A lawyer for a North Vancouver man found guilty of first-degree murder in the axe killing of a fellow drug dealer will likely be appealing his conviction.
Darcy Lawrence, lawyer for Babak Na-jafi-Chaghabouri, 30, said Friday an appeal is likely, based on the credibility of witnesses who testified in the trial.
In May, B.C. Supreme Court Justice Barry Davies convicted Najafi-Chaghabouri of first-degree murder for killing Ronak "Ronny" Wagad with a hatchet at a remote site near the Fraser River on Feb. 23, 2009.
Davies found a second man accused in the killing - Charles Anthony Leslie, 34 - guilty of second-degree murder.
The verdict followed a lengthy trial in which both men pointed to the other as responsible for the gruesome killing.
Davies ruled both men were ultimately responsible for Wagad's death, but Najafi-Chaghabouri was the one who wielded the hatchet for the fatal blows.
Key evidence in the trial came from Travis Winterlik, an accomplice of Najafi-Chagha-bouri and Leslie, who helped lead police to Wagad's remains and testified in exchange for immunity from prosecution.
Ali Reza Alamdari, who was Najafi-Cha-ghabouri's roommate in North Vancouver, testified that Najafi-Chaghabouri confessed that he'd killed Wagad, saying he had "hit the man in the head with an axe."
Another witness, whose identity is protected by a publication ban, described how Najafi-Chaghabouri said he'd made Wagad kneel on the ground in front of the car before taking the hatchet to his head.
Both Alamdari and the witness who can't be named are drug addicts whose recollection of events was questioned by Lawrence during cross-examination in the trial.
Najafi-Chaghabouri faces an automatic sentence of life in prison with no possibility of parole for 25 years.

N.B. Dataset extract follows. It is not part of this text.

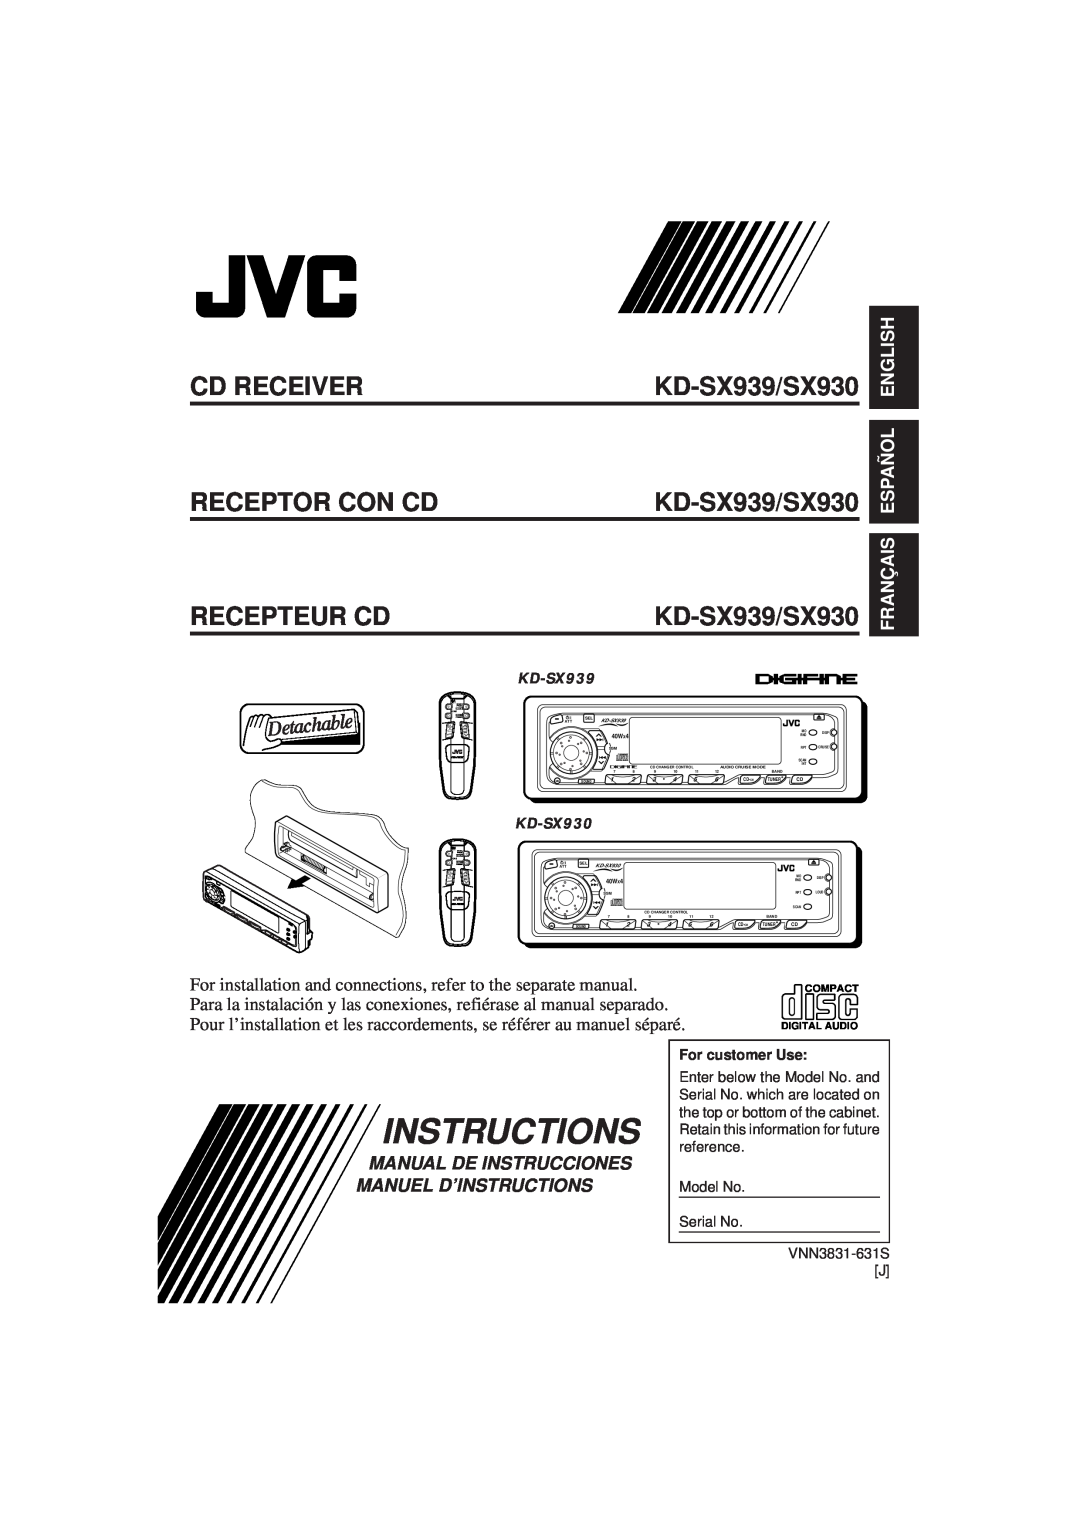 JVC KD-SX939/SX930 manual Instructions, Cd Receiver, Receptor Con Cd, Recepteur Cd, Français Español English, KD-SX930

At a sentencing hearing last week, however, Crown prosecutor David Butcher urged the judge also to sentence Najafi-Chaghabouri to 12 to 18 years on a separate charge of kidnapping Wagad.
Outside of court, Butcher said prosecutors want to make sure Najafi-Chaghabouri stays in prison, even if his murder conviction is overturned on appeal.
In court, Lawrence told the judge how Najafi-Chaghabouri grew up in a Kurdish area of Iran and later came to Canada as a refugee. Once in the Lower Mainland, however, Najafi-Chaghabouri racked up convictions for six violent criminal offences, including stabbing a man in a North Vancouver Persian restaurant. Najafi-Chaghabouri was ordered deported, but won a reprieve to stay in Canada just one week before he and Leslie kidnapped Wagad and killed him.
Prosecutors are also appealing Leslie's conviction of second-degree murder, arguing it should have been first-degree.